Since I had made Mr. Hambley’s acquaintance through the MEPS Forum, it only seemed right for me to ask him next which of the panels that had been held so far was his favorite and why. It took little time for him to determine his favorite was the second session of the third day, “De-Escalation & War: Is Peace in Iraq & the Middle East Possible?” This happened to be the session we had just come from, but he assured me it was not just because it remained so fresh in his mind. He described the session as “forward-looking” and “heartening,” saying he appreciated how it was not all “doom and gloom.” I did not make the connection until the interview was over, but I find it extremely likely that this particular panel, which included two current ambassadors, resonated with him so much because of his own work history.

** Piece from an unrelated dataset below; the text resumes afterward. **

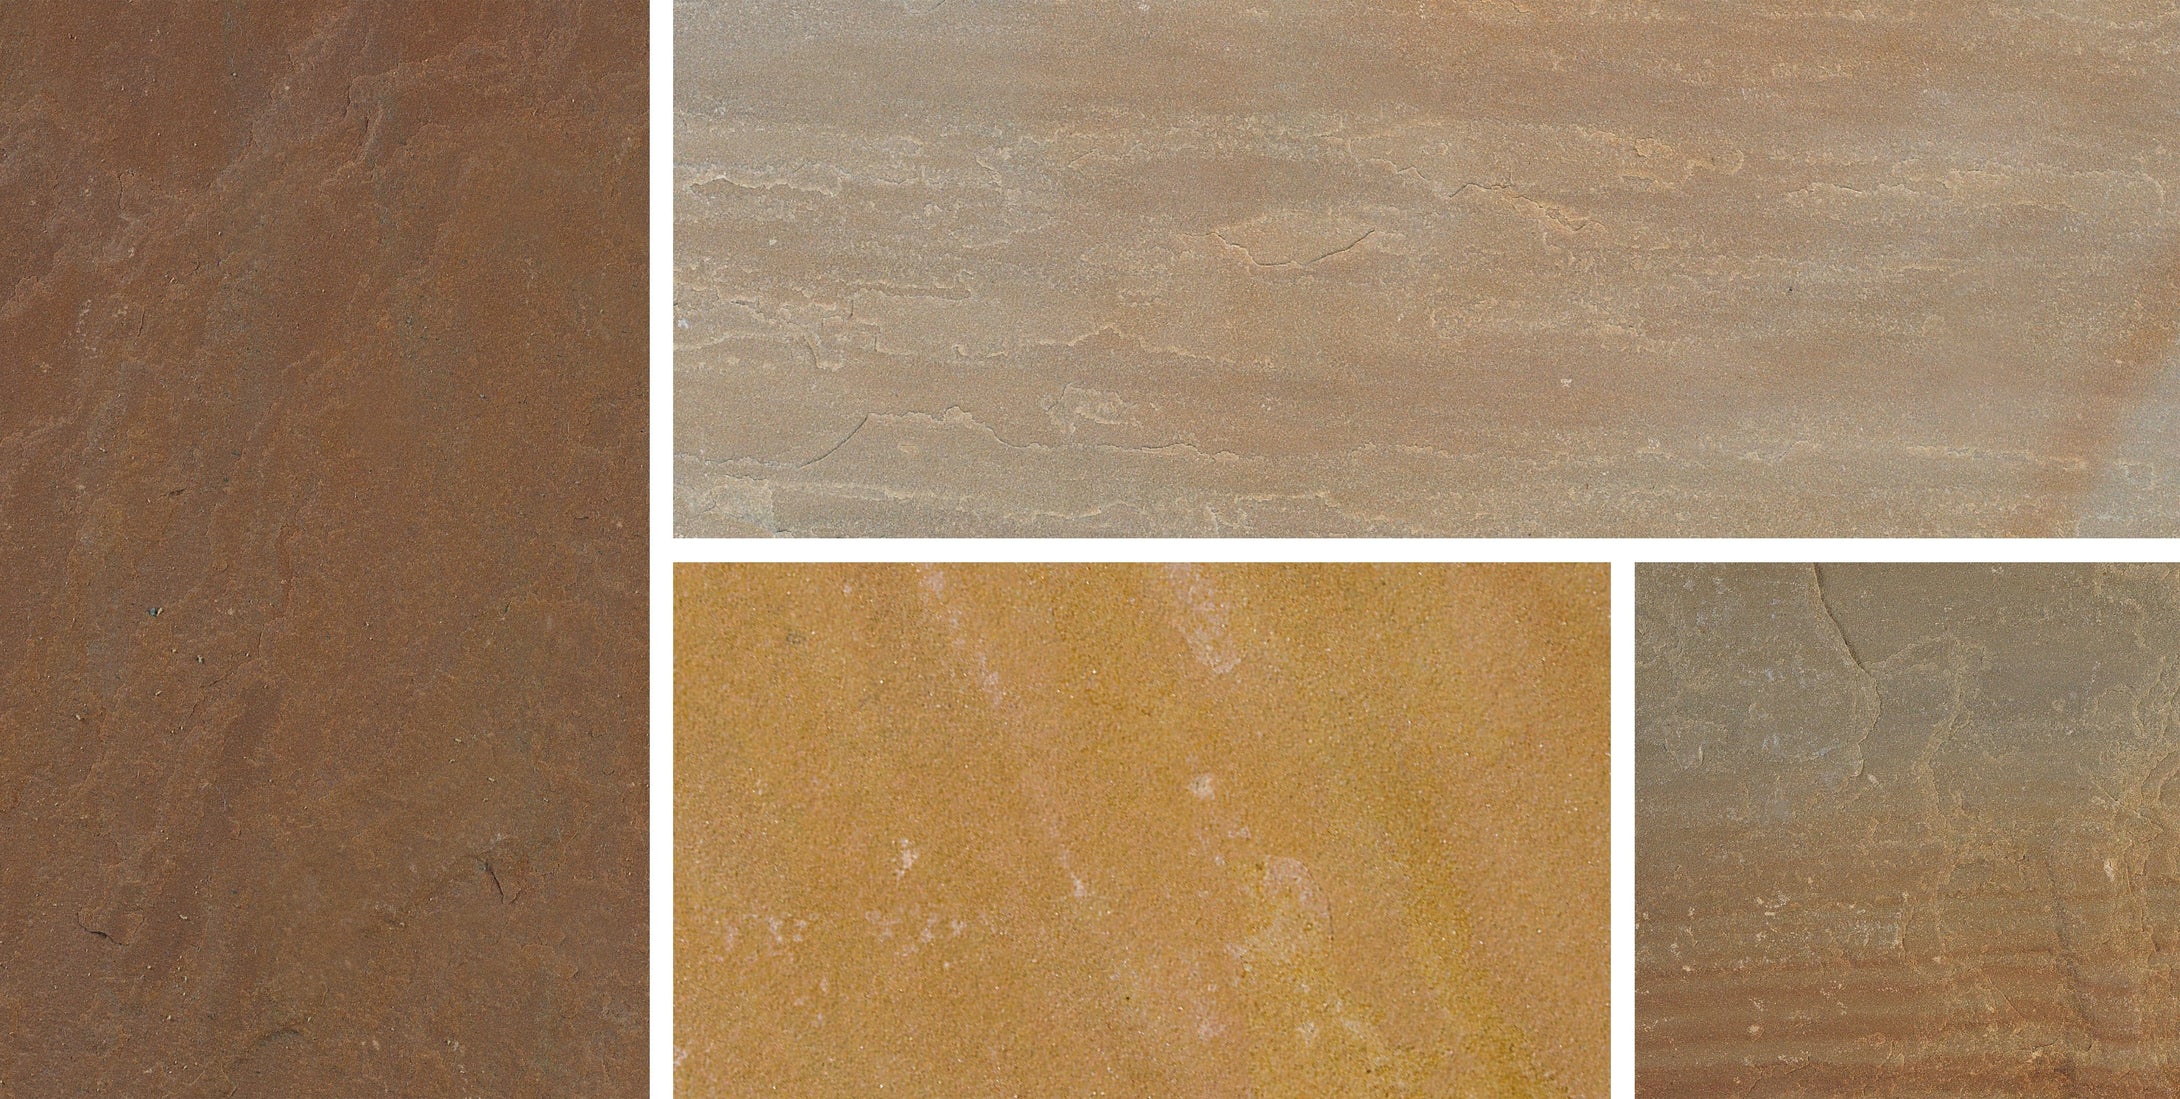 Natural Sandstone Paving  in Sunset Buff / Camel Dust paving slabs

The interview was conducted right before the session “Special Conversation with HE Prime Minister Barzani,” which neither of us wanted to miss (if even for a second), so time constraints impacted the final question. With it, I was looking to the future, taking issue with the title of the forum’s upcoming last session, “Restoring Order in the Region: Are External Actors Part of the Solution?” I asked Mr. Hambley if he thought that title was a misnomer. “Restoring order” would suggest that the Middle East had “order” at some point and lost it, but it was up for debate what “order” even meant, when the Middle East had “order” if it ever actually did, and how “order” was lost if indeed it was. Mr. Hambley agreed with me that the phrasing in the session title was problematic, and he recommended “stability” over “order.” He named the interwar period, during which Iraq was briefly a League of Nations mandate administered by the UK, as a time of “stability” in the region. I suggested a period of time centuries earlier, the so-called “Islamic Golden Age,” but the chime telling us it was time for the Prime Minister’s session meant we could discuss the matter no further. I was gratified to see that one panelist in the closing session, Dr. Christine Cheng, critically examined the concept of “order” in the same way I had.
I was beyond gratified to interview Mr. Mark Hambley. My own favorite “session” of the MEPS Forum was my one with him.